4 December 2013

BBC Good Food Vegetable Ragu

Do you have days when you just don’t feel like touching and eating any meat? Yesterday was one of those days for me. While I do love poultry and meat, I do occasionally feel like a good vegetarian meal such as Vegetable Ragu.

This year I started learning to make my own pasta sauce. Not only are they surprisingly easy, they also taste fresher and healthier. This vegetable ragu recipe from good old BBC Good Food is a gem as it is so cheap and easy to make.

20131204-074230.jpg


Since recipes aren’t set in stone, I omitted celery and red lentils in my version. I added dried basil and cayenne pepper to spice it up a little. And I’m currently in love with balsamic vinegar so I was rather generous with it too. As it cooked on the stove, the ragu was bursting with sweet smelling vegetables – the perfect healthy comfort food on a cold day.

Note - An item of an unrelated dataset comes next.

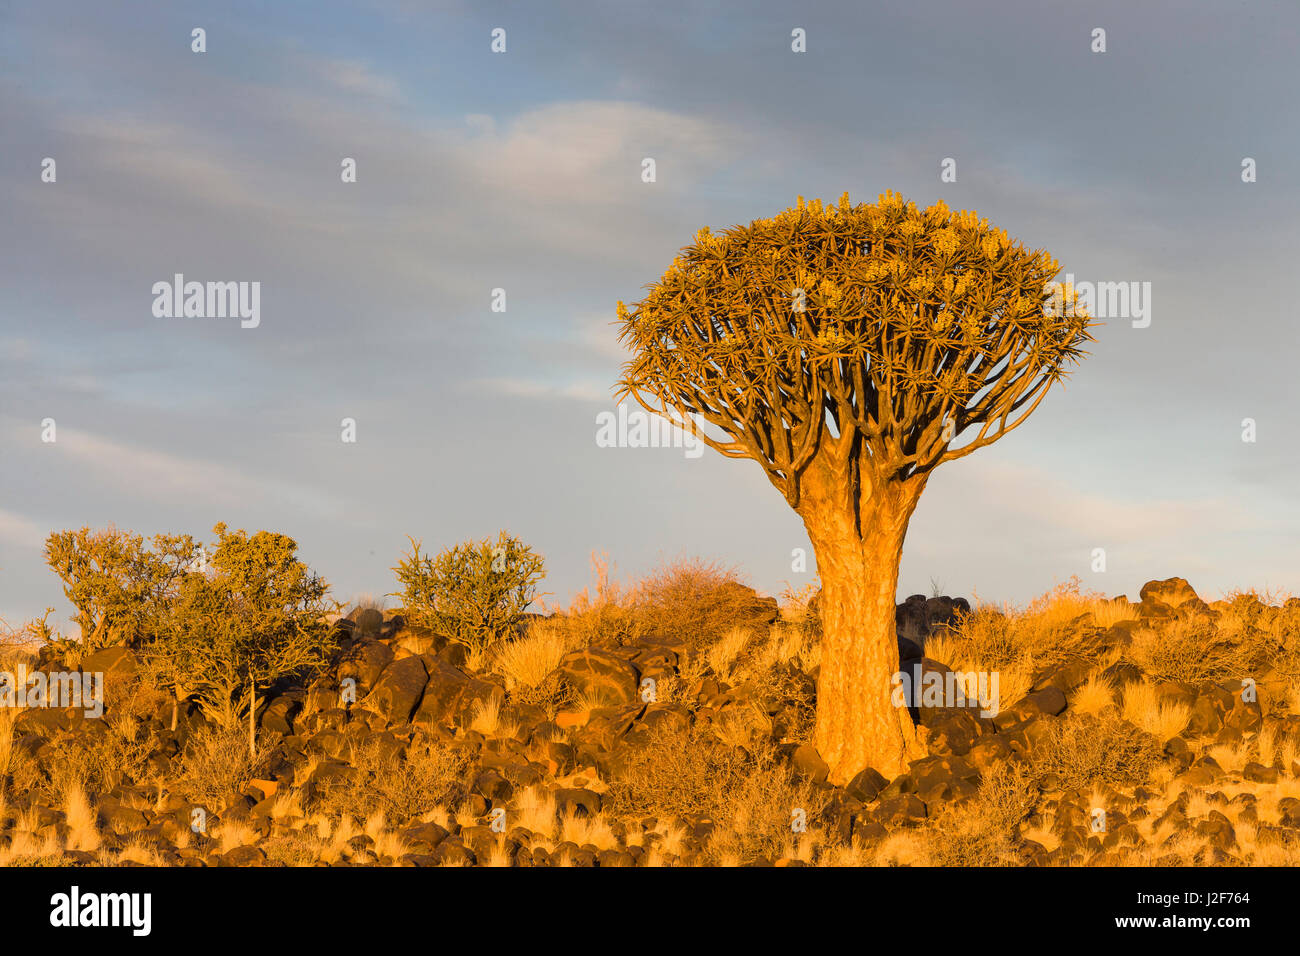 Quiver tree at sunset Stock Photo

This is to me the fun part about cooking – not restricting yourself to whatever the recipe calls for and taking initiative to tweak it to your preference.

3 December 2013

Jamie Oliver's Roast Chicken Recipe (half-arsed)

Today I tried out a Jamie Oliver's recipe – Perfect roast chicken. I do find myself avoiding recipes from celebrity chefs because 99% of the time their recipes are just far too fancy and complicated for my liking. However, this recipe has proven otherwise.

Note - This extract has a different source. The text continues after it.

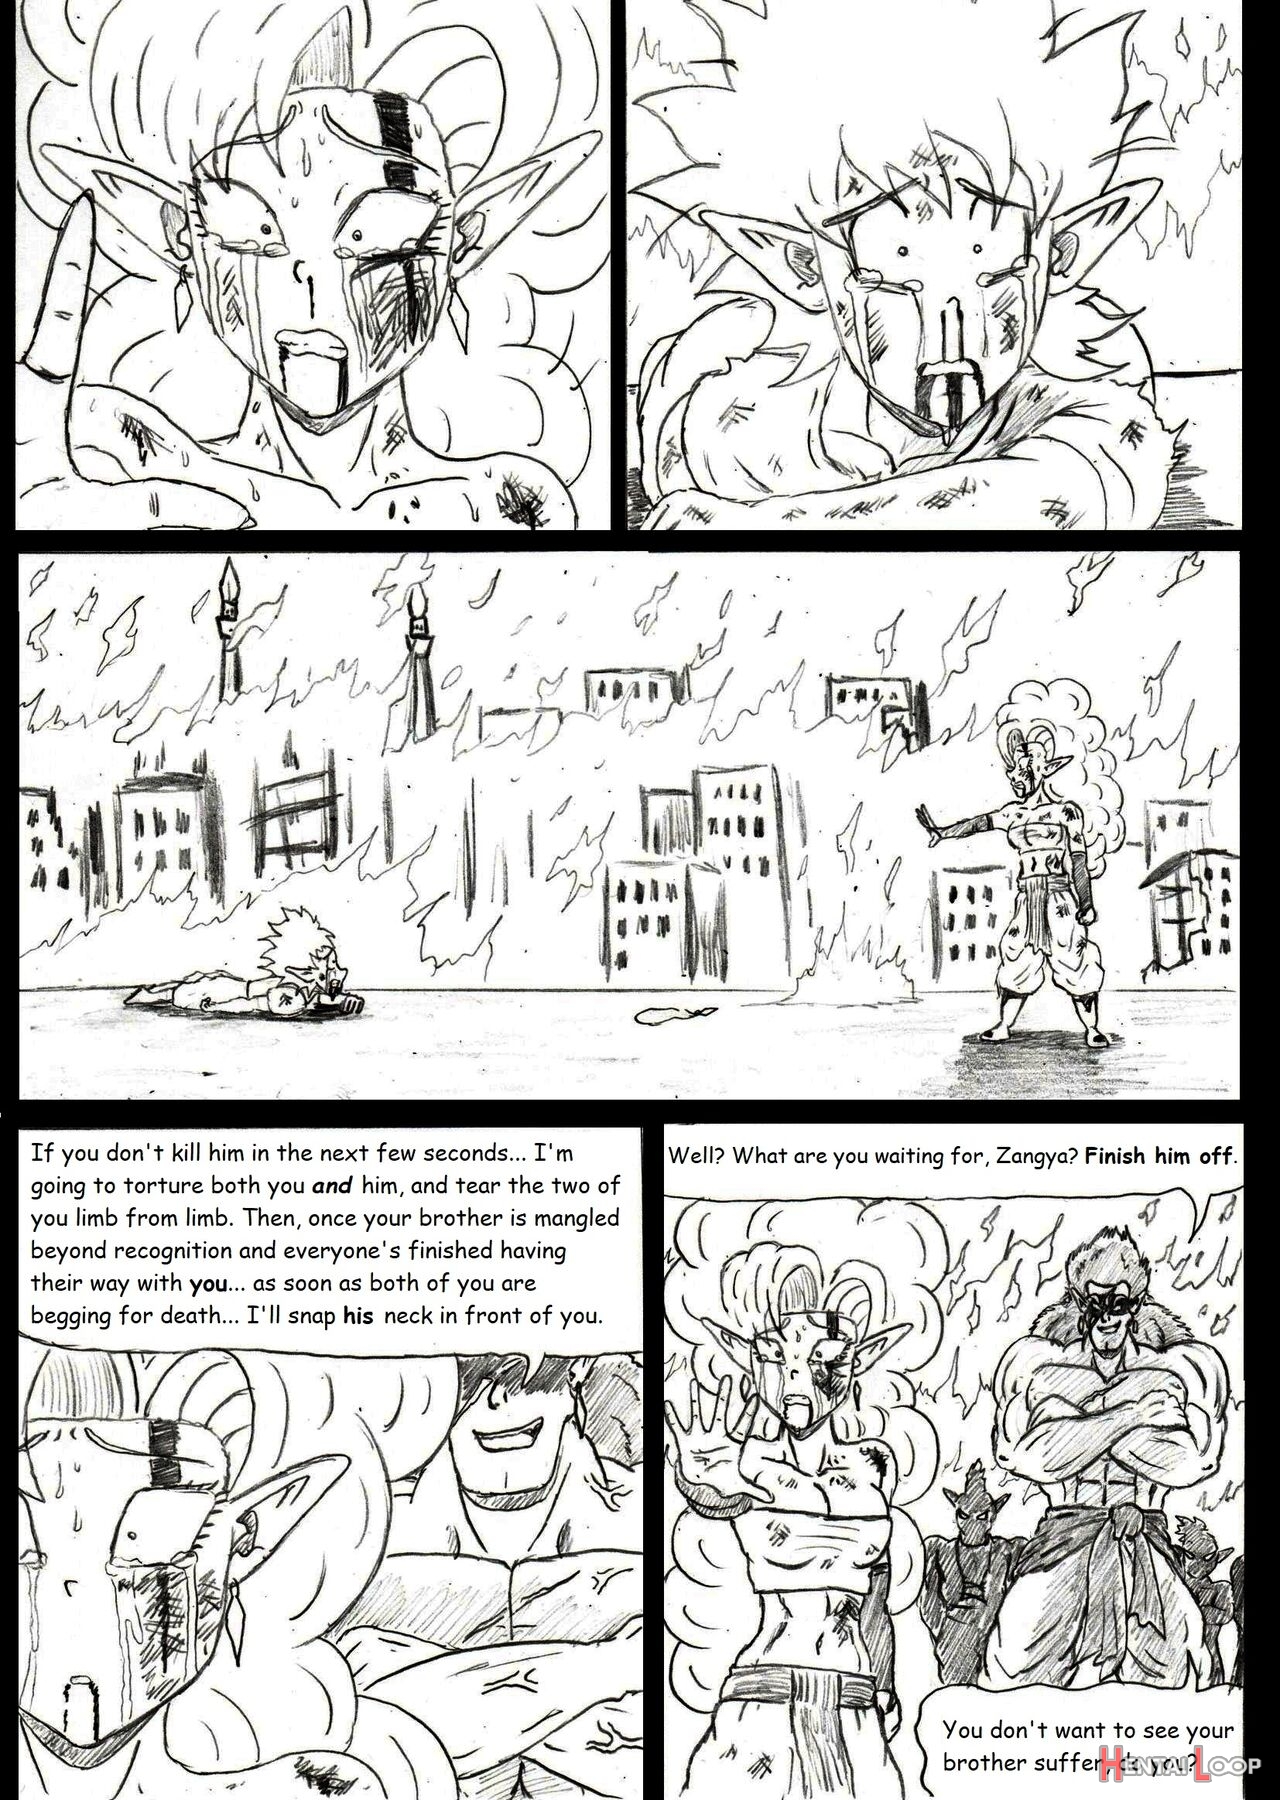 Dragonball Z Golden Age - Chapter 4 - The Galaxy Soldiers page 7

I tweaked the recipe by spreading herb butter under the skin of the chicken and added some dried thyme with the bunch of fresh rosemary and lemon in the chicken’s cavity.

The result is a crispy-skinned chicken that’s really juicy on the insides. Jamie Oliver didn’t lie about that!

So why did I call it half-arsed?

I got tired in the evening from walking around the Christmas market and couldn’t be bothered to make roast potatoes. I would have put in the extra effort if I had mint sauce, the magic that makes roast potatoes taste heavenly, to go with them. Taking the easy way out, I threw some garlic bread in the oven to serve with the perfect chicken roast.

20131201-204941.jpg


Seriously, this recipe is amazing! Give it a go if you have the time!